A Brown County business, TBDA Investments LLC, bought eight parcels that total 294 acres of both hillside and riverfront land, close to areas where leftover coal ash is stored.

“One of those owners was not aware of what that would be. Obviously, New Richmond Development Corporation is supposed to manage those pits for legacy, and so there was some concern about that,” Painter said.

coalash8.jpg
This file photo from 2016 shows the coal ash ponds at the Beckjord power plant site and how close they sit to the banks of the Ohio River in New Richmond.

“That kind of material along the Ohio River is eventually going to be disastrous one way or another,” Painter said. “We’re just trying to head it off at this particular period so we can ensure that the water quality here stays good.”

Neither CPL nor TBDA Investments responded to requests for comment.

The county also wants updated safety plans, regular exercises for emergency preparedness, better and required groundwater monitoring, and a court-ordered plan to keep contaminants away from the public water supply.

“If that material is left there, and they are allowed to cap that in place and it migrates into the wells which, it will, eventually, it will get there … and if we have to extract that water and treat it to make sure that water is safe for drinking here in Clermont County, we’re going to spend millions of dollars,” Painter said.

The coal ash pits at the former Beckjord coal plant site along the Ohio River on April 7, 2025, during flooding.
The coal ash pits at the former Beckjord coal plant site along the Ohio River on April 7, 2025, during flooding.

He estimated a $30 million cost to clean water of heavy metals or sulfur so that it’s drinkable.

“The commissioners are highly concerned that EPA and OEPA are turning a blind eye and rubberstamping the ‘closure’ of the Beckjord Dump with no actual remedy to protect a public drinking water supply from known harm,” according to the notice of intent to sue former and current Beckjord owners, including Duke Energy, if changes aren’t made in 90 days.

Painter would not say when the county would file the lawsuit.

“Really, I’m not at liberty to be able to put a time frame on that,” Painter said. “But make no bones about it, we’re prepared to go forward with a federal suit here.”

If the county sued, it would be the second case in the U.S. District Court for the Southern District of Ohio against CLP involving Beckjord.

The Walter C. Beckjord power station near New Richmond before it was demolished.
The W.C. Beckjord Station, a closed Duke Energy power plant located 15 miles east of Cincinnati, contains more than 10 billion pounds of toxins that are packed into ponds along the banks of the Ohio River.

A group of 100 Pierce Township residents filed a federal lawsuit in 2020  claiming the company violated a 1986 agreement to inform the public about contaminated waste disposal.

A portion of that case is set for trial on July 27, involving the destruction of trees in a greenbelt.
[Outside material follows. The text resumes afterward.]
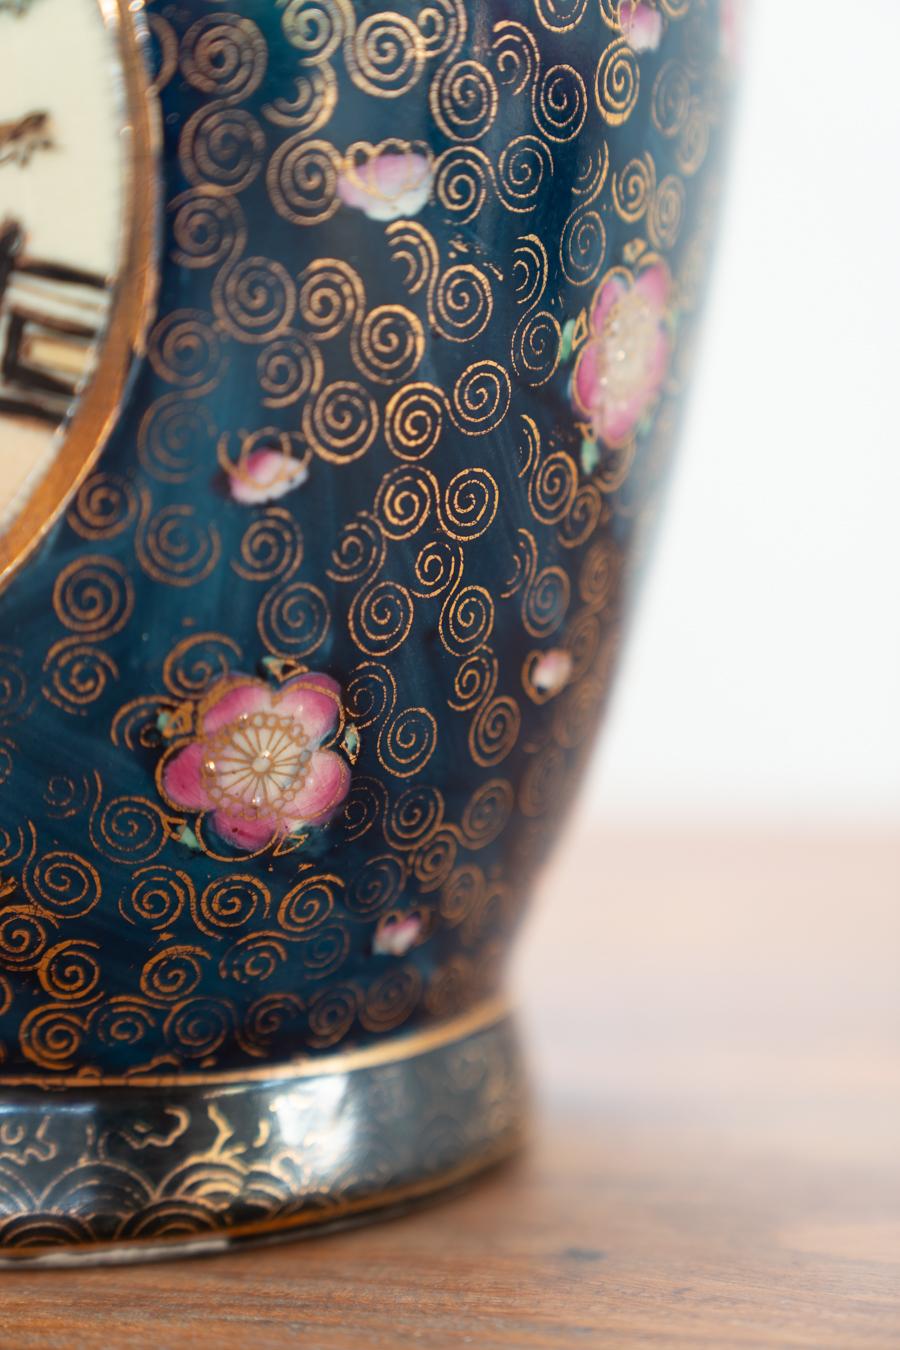 Japanese antique porcelain porcelain vases Meiji period 19th century For Sale 15
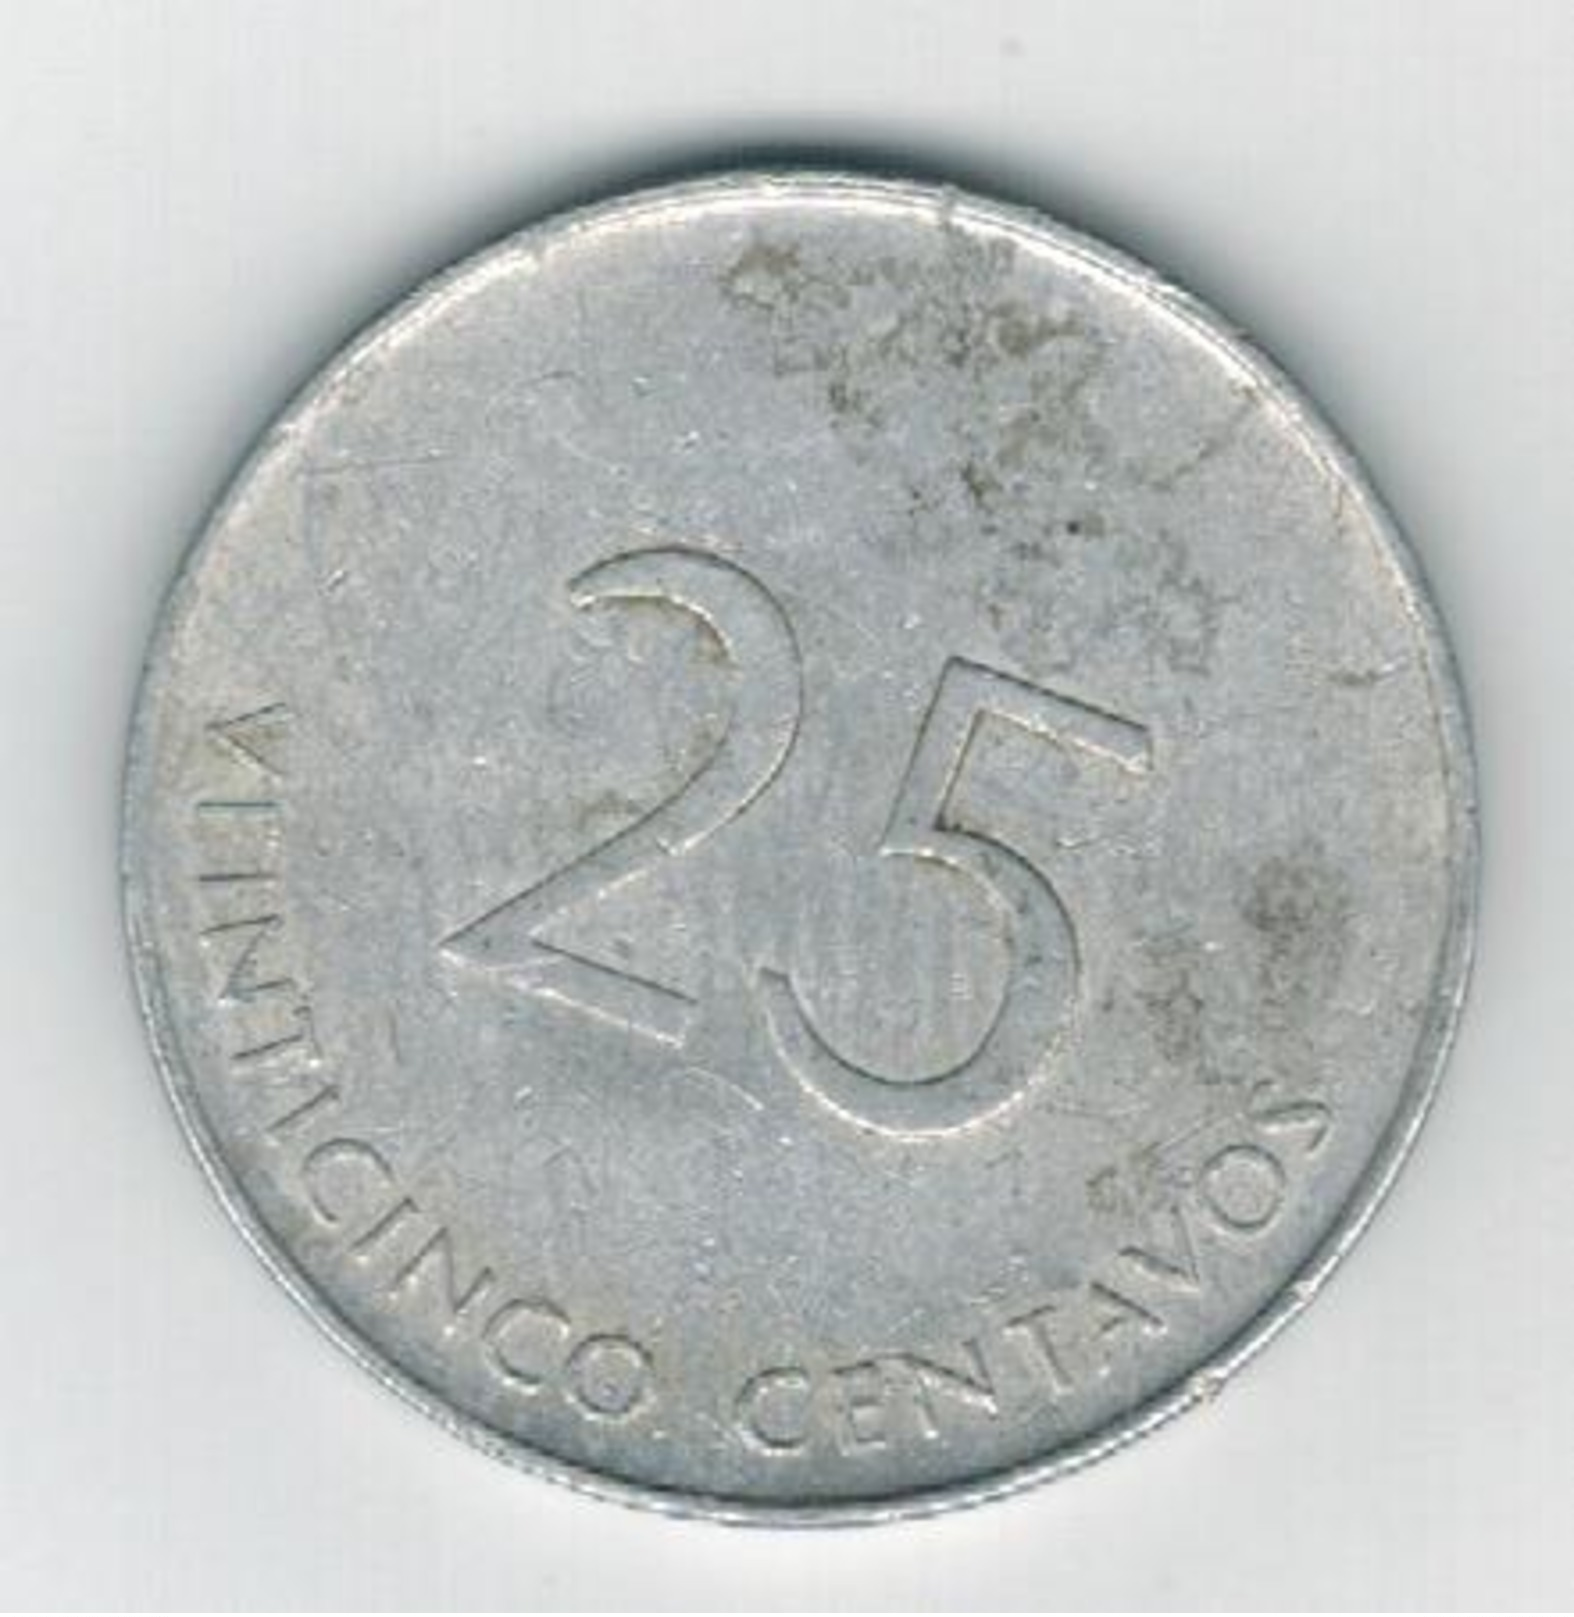 Cuba 25 Centavos 1988, INTUR. (Al)  Used,  Free Ship. To USA. - Cuba

But U.S. District Judge Michael Barrett dismissed other claims made by the nonprofit Neighbors Opposing Pit Expansion, on technical grounds, ruling that people who lived near the Beckjord site did not have legal standing to sue over its contamination.

Attorneys for NOPE recently asked Barrett to overturn that decision because the case he based his ruling on, a citizen enforcement case originating in Alabama, was overturned on May 18 by the 11th U.S. Circuit Court of Appeals, which unanimously ruled that a citizen environmental group did have the right to sue over 21 million tons of toxic coal ash in unlined pits on the banks of the Mobile River.

“When NOPE was hit with not having standing, I didn’t understand through the federal court how residents who are sitting right next to the pits did not have standing,” Freeman said. “If they don’t, then I don’t know who would have standing.”